5 Fakta Kasus Google yang Ubah Total Masa Depan Internet
CNBC Indonesia · 21 Nov 2023 4.1K Views

Jakarta, CNBC Indonesia - Google sedang bermasalah di negara asalnya sendiri Amerika Serikat (AS). Raksasa mesin pencarian itu dituduh melanggar Undang-Undang Antimonopoli dengan taktik yang digunakan untuk mendominasi interenet dan iklan online.

Pemerintah AS dalam waktu dekat akan menyelesaikan tahap pembuktian persidangan dengan Google.
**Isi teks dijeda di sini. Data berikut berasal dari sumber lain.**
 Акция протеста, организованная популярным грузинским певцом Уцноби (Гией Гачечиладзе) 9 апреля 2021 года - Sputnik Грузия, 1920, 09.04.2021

Dalam uji coba yang dimulai pada 12 September dan dijadwalkan berakhir pada pekan ini, Departemen Kehakiman AS berusaha membuktikan bahwa Google adalah perusahaan yang menyalahgunakan kekuatannya untuk memperoleh keuntungan sendiri.
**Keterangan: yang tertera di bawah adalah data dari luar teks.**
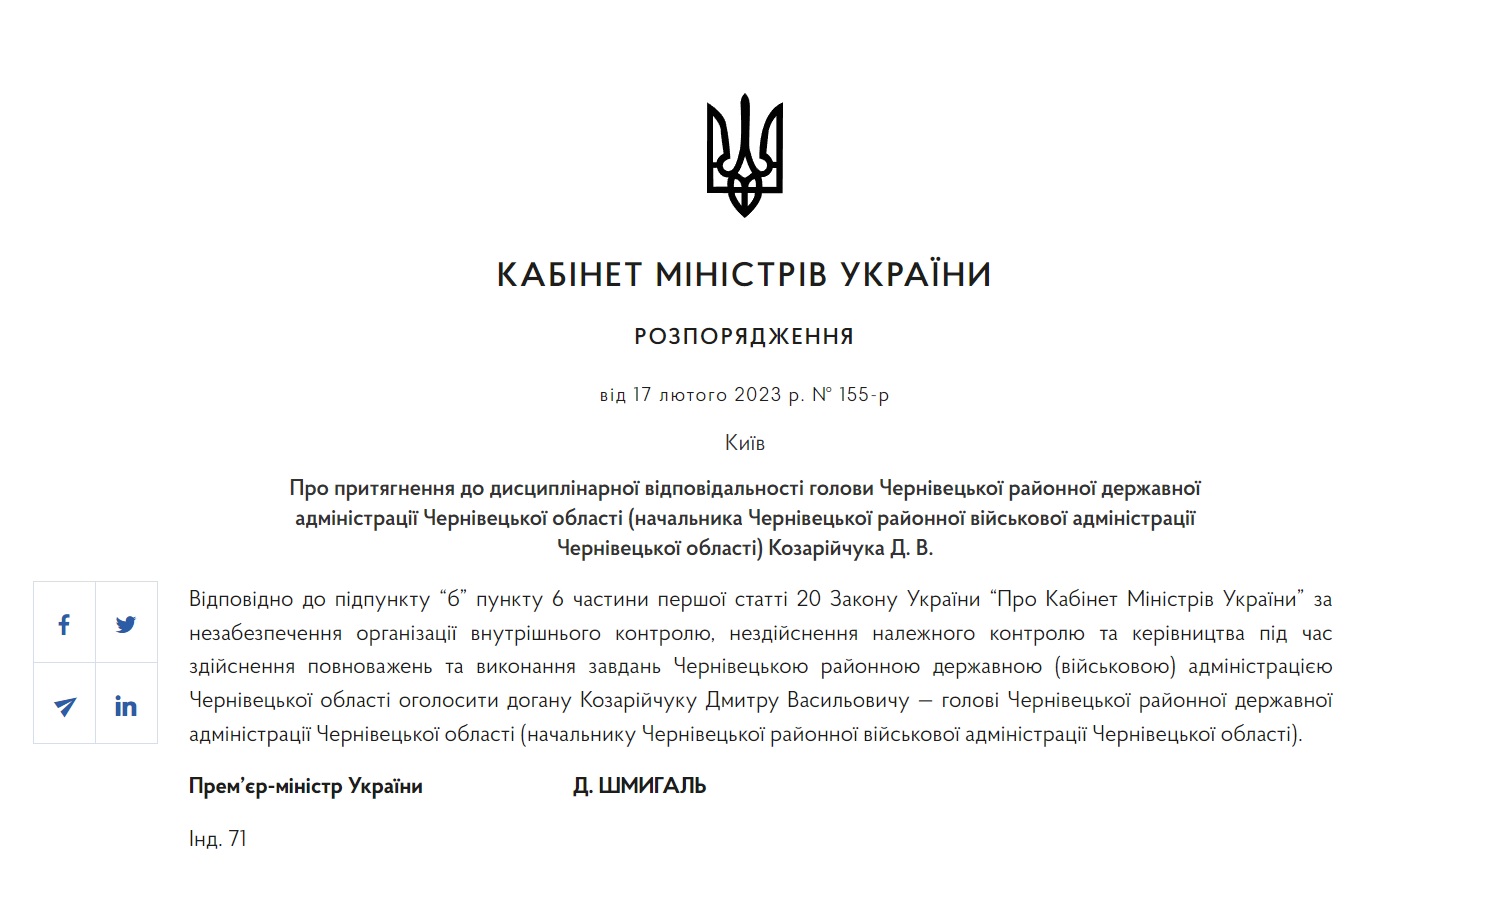 Кабмін оголосив догану начальнику Чернівецької районної військової адміністрації Козарійчуку

Terdapat 5 poin penting yang perlu diketahui mengenai kasus Google, yang disebut terbesar sepanjang sejarah ini. Berikut dirangkum CNBC Indonesia, Selasa (21/11/2023), dari Reuters.

1. Google bayar triliunan

Saksi dari raksasa telekomunikasi Verizon, produsen HP Samsung, dan Google sendiri, mengaku bahwa perusahaan membayar US$ 26 miliar pada 2021 untuk memastikan mesin pencarinya menjadi layanan default (bawaan) pada HP dan browser.
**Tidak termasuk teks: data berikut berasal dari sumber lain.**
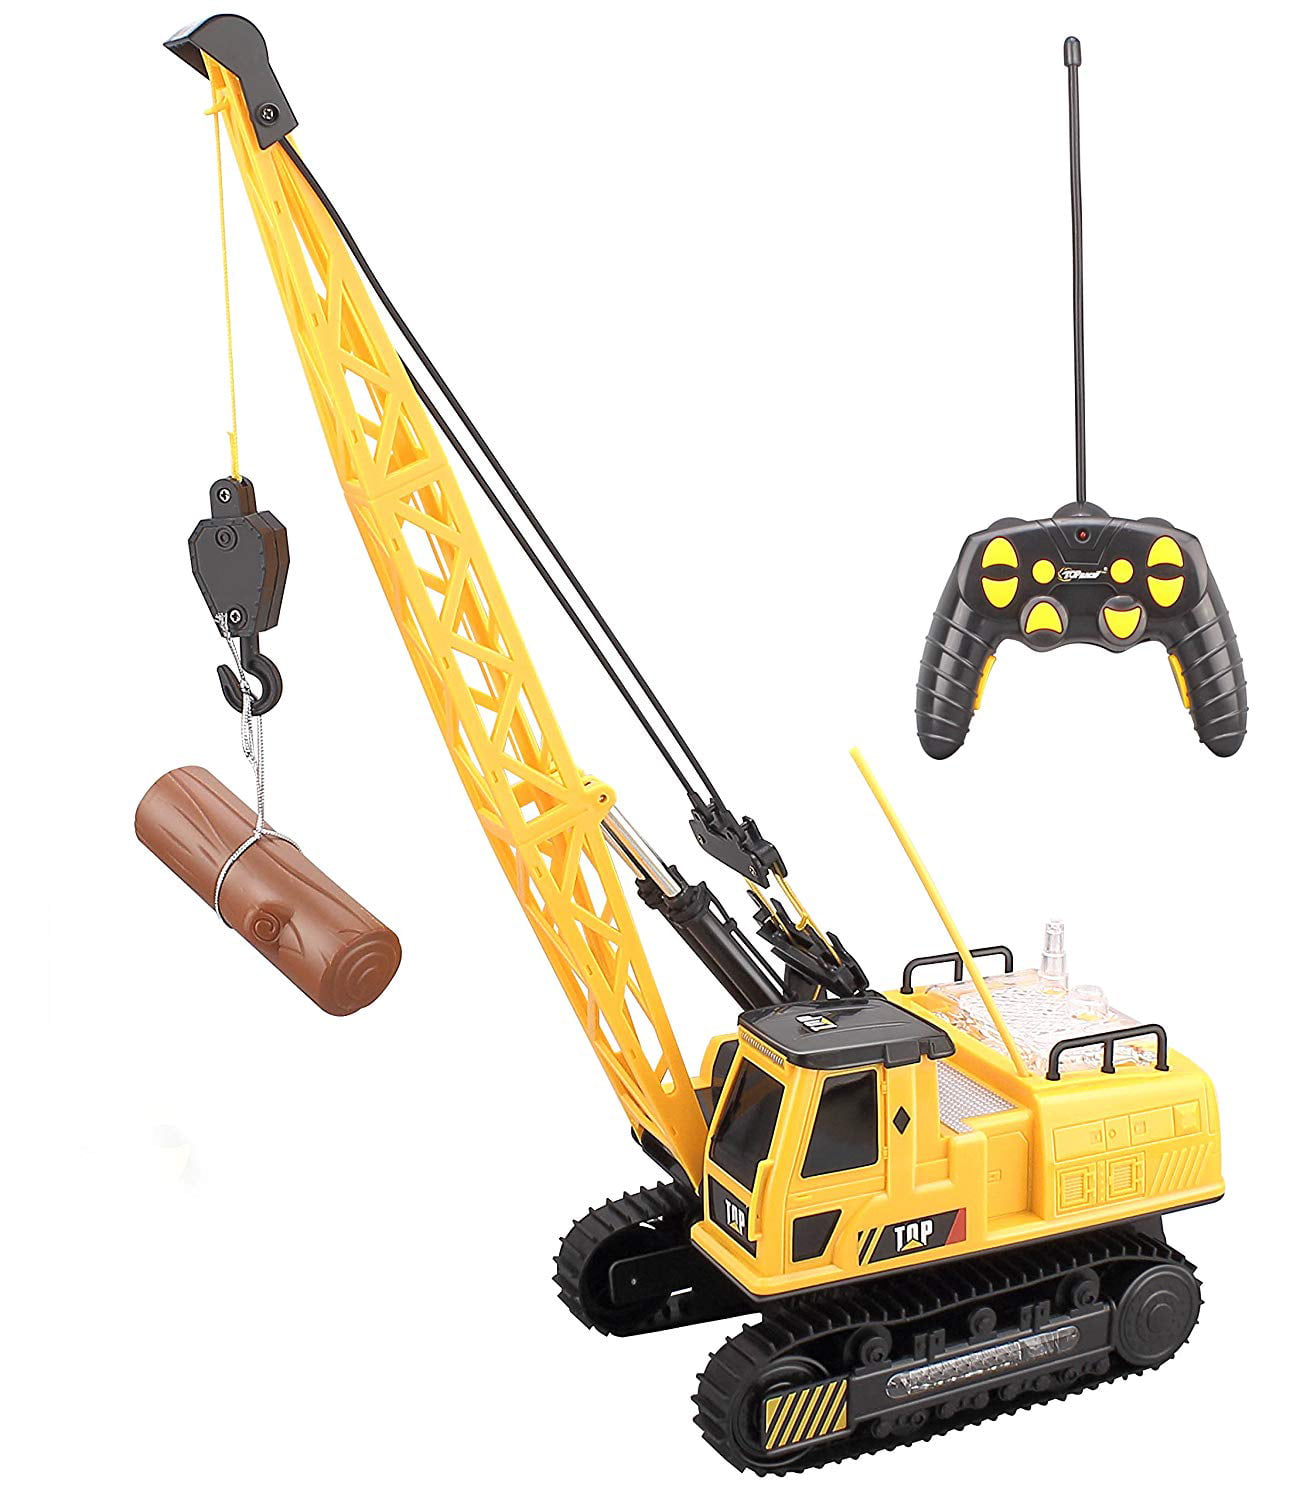 rc crane toy

Hal ini untuk menjaga pangsa pasar Google tetap dominan di industri. Dalam kesaksiannya, CEO Google Sundar Pichai mengaku penting untuk membuat layanannya terpatri secara default di HP, tablet, dan laptop.

"Kami tentu saja melihat nilainya," kata dia.

2. Google dan Microsoft diadu domba

Kevin Murphy, pakar yang bersaksi untuk Google sekaligus dosen di University of Chicago Booth School of Business, berpendapat bahwa Apple dan pihak lain mengadu Google dan Microsoft, yang memiliki mesin pencari Bing, untuk saling bersaing dalam industri ini.

Anggaran besar yang dikeluarkan Google untuk mempertahankan posisi mesin pencarinya memperlihatkan seberapa ketat persaingan antara Google dan Microsoft.

3. Dominasi Google cekik pengiklan

Chief Media Officer untuk UM Woldwide, Joshua Lowcock, merupakan saksi untuk pemerintah AS. Ia menilai dominasi mesin pencari membuat raksasa tersebut turut menguasai pasar iklan digital.

Berkat monopoli tersebut, Google secara semena-mena menaikkan harga iklan online dalam 10 tahun terakhir. Wakil Presiden dan Manajer Periklanan Google, Jerry Dischler, mengakui perusahaan memperoleh lebih dari US$ 100 miliar pada 2020 lalu dari iklan di mesin pencari.

4. Google bantah monopoli

Google menilai pemerintah salah dengan mengatakan mereka melanggar hukum untuk mempertahankan pangsa pasarnya yang sangat besar. Menurut Google, mesin pencarinya diminati warga dunia karena kualitasnya.

Sebab, jika pengguna tak puas dengan mesin pencari default, mereka tetap punya opsi untuk beralih ke mesin pencari lain.

Senior VP of Services Apple, Eddie Cue, memuji mesin pencari Google dan menyebut telah melakukan pertemuan dengan Microsoft dan DuckDuckGo, yang menggunakan pencarian Bing, tetapi menganggapnya tidak memadai.

5. Status default tak penting

Meski perusahaan telah membayar miliaran dolar AS, namun pengacara Google berargumen status mesin pencari default sebenarnya tak menjamin kesetiaan pengguna jika mereka tak puas.

Kepala pengacara Google, John Schmidtlein mengatakan Microsoft pernah menjadi layanan default pada beberapa HP bundle Verizon pada 2008, BlackBerry, dan Nokia pada 2011. Namun, pengguna Bing mayoritas tetap lari ke Google.

Google mengklaim pihaknya tak melakukan monopoli karena selalu berupaya meningkatkan kualitas layanannya dan melindungi privasi pengguna. Jika monopoli, Google tak akan peduli apakah penggunanya puas atau tidak.